Former Taoiseach Leo Varadkar has said that he “went too far” in recent comments he made about rural Ireland which ignited controversy over the weekend.
On Wednesday, the former Fine Gael leader said he did not “set out to be divisive or offend anyone and [I] apologise for that”.
On Matt Cooper’s Path to Power podcast, Mr Varadkar said that the agricultural sector often “brings costs on Ireland,” and that farmers “still see themselves as the people who bring money and jobs into Ireland, where actually a lot of the time they bring costs on Ireland.”
Mr Varadkar added that what is “in the interests of farmers in the agriculture industry is by and large not in the interests of Ireland as a nation.”
Mr Varadkar further said that urban Ireland needed to be “blunt” with rural residents, adding that: “We’re the ones paying all the bills and you’re the ones in receipt of a lot of subsidies and a lot of tax benefits that other people don’t get.”
Speaking to the Irish Times on Wednesday, Mr Varadkar said: “[I] went too far and over-stated my case on certain other points”.
However, he added that he stood over some of the points made in the interview, arguing that the vast majority of tax is paid in Ireland, with 80 per cent of food imported to Ireland.
Independent Ireland leader Michael Collins said on Tuesday that the former Taoiseach “owed the people of rural Ireland an apology.”

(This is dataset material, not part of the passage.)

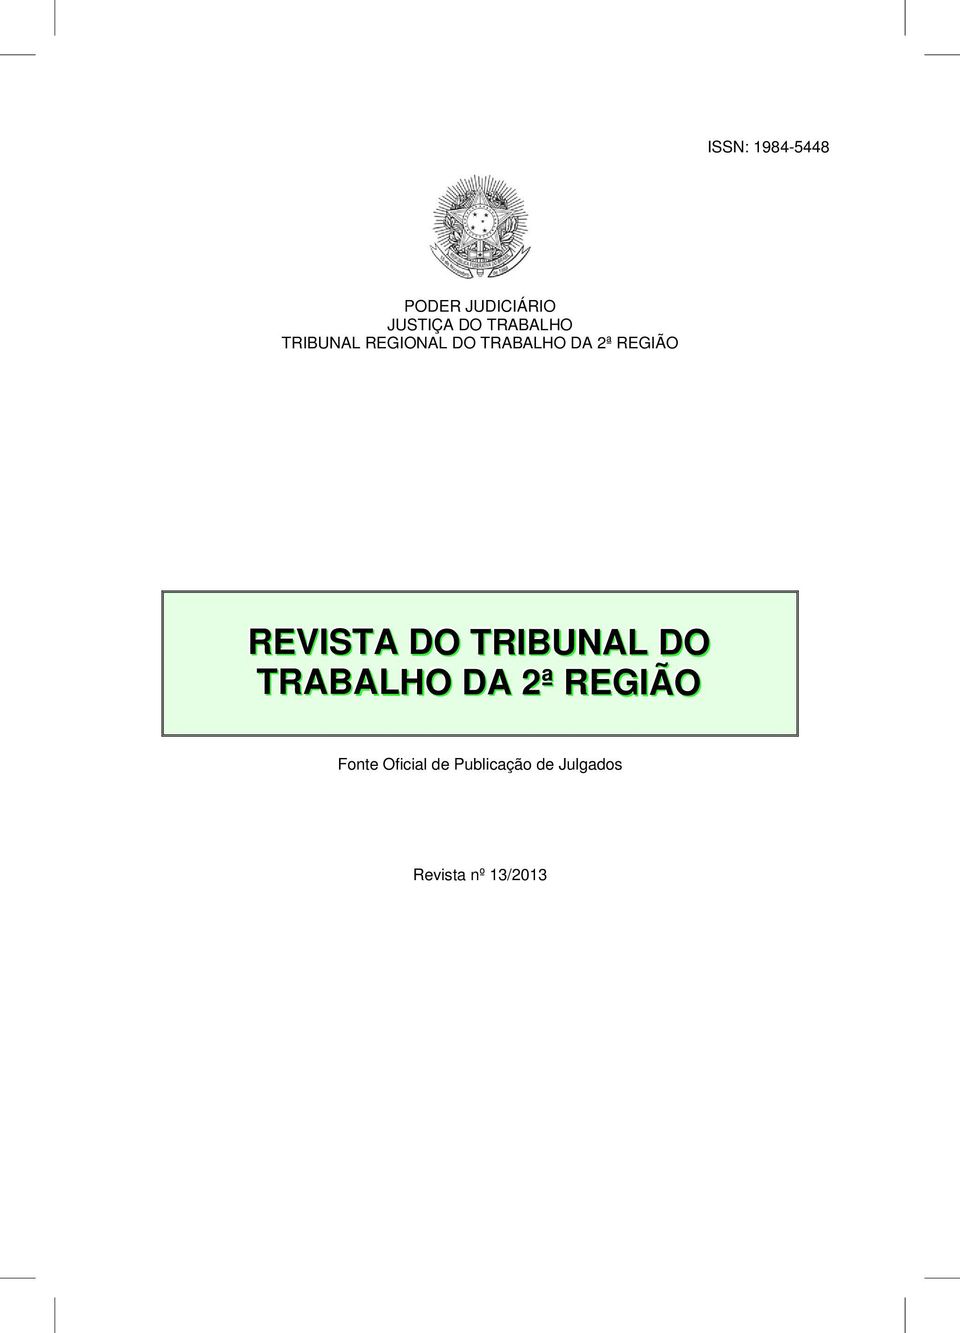 REGIÃO REVISTA DO TRIBUNAL DO TRABALHO DA 2ª
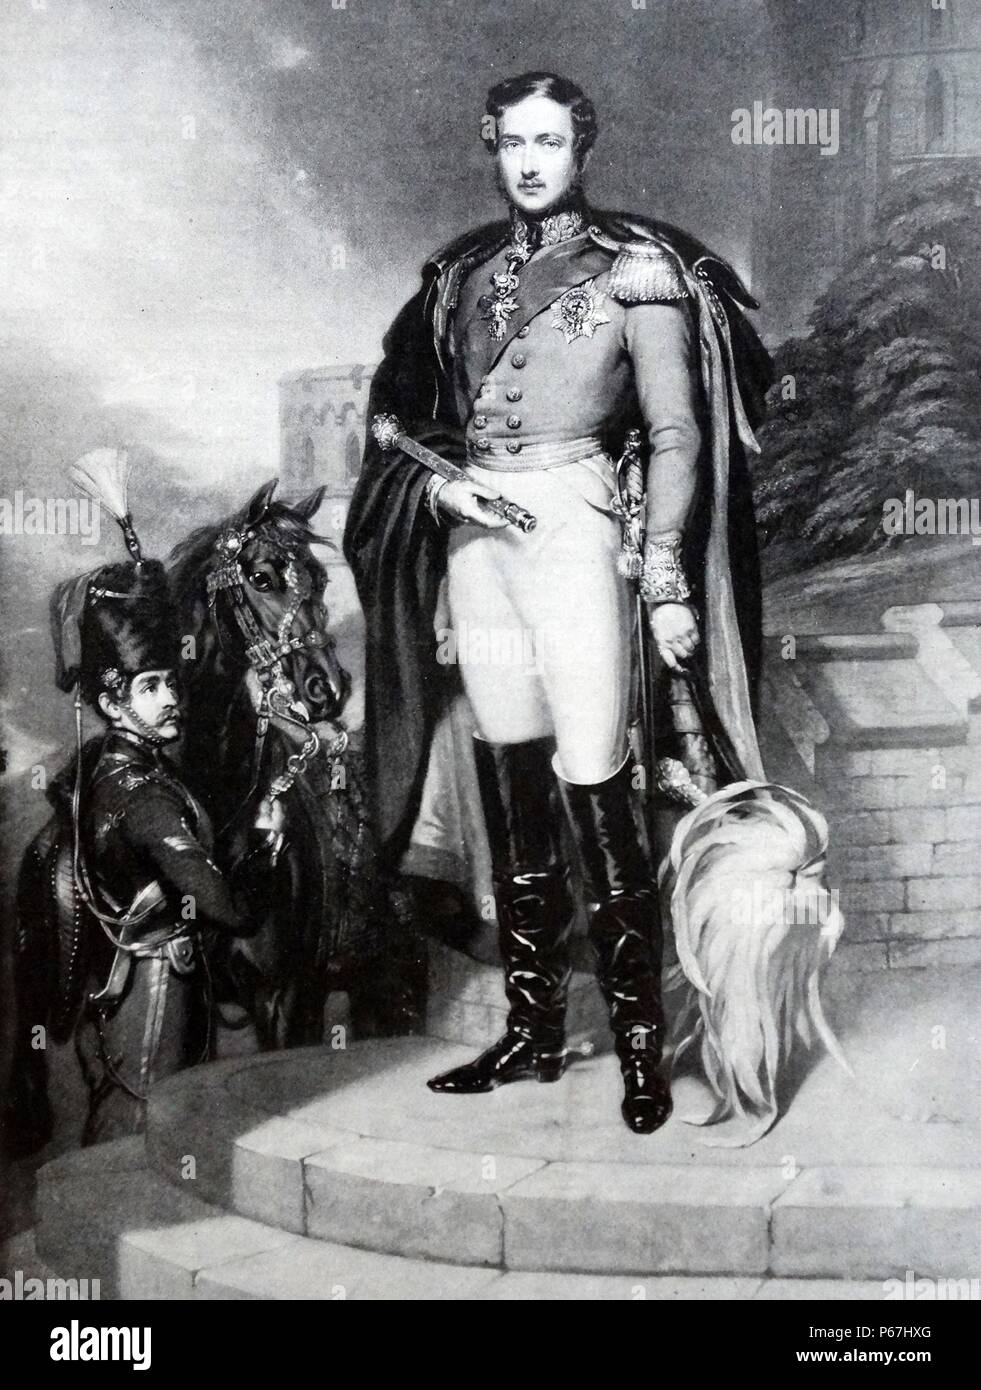 Le Prince Albert de Saxe-cobourg et Gotha (le Prince Consort). 26 août 1819 - 14 décembre 1861) époux de la reine Victoria du Royaume-Uni de Grande-Bretagne et d'Irlande. Banque D'Images

“Leo Varadkar didn’t say that when he was shaking hands at the ploughing championships asking people to support Fine Gael,” said Collins.
Mr Collins said the comments proved a mindset that exists “at the top” that “rural Ireland is a terrine place.”
“I would never want to divide rural Ireland or urban Ireland, because I know the people of this city, in Dublin, are in the same crisis we find ourselves in in rural Ireland,” he added, describing the comments as “appalling.”
Deputy Collins called on current Fine Gael leader Simon Harris to encourage Mr Varadkar to apologise for the comments.
Earlier this week, Independent TD Carol Nolan said she wanted to urge Fine Gael to reject Mr Varadkar’s remarks about farmers, describing them as a “slur.”
“To have a former Taoiseach, blithely offering sweeping and denigrating remarks about rural Ireland, should not surprise anyone who has been paying close attention to his party’s policies, policies that, with the aid of Fianna Fáil and the Greens, have placed a stranglehold around rural Ireland for the last 14 years,” said Deputy Carol Nolan on Monday.
“That being said, for Mr Varadkar to let the mask drop in such casual and callous fashion is utterly remarkable. All that spin from Fine Gael about its commitment to rural Ireland now looks completely hollow.”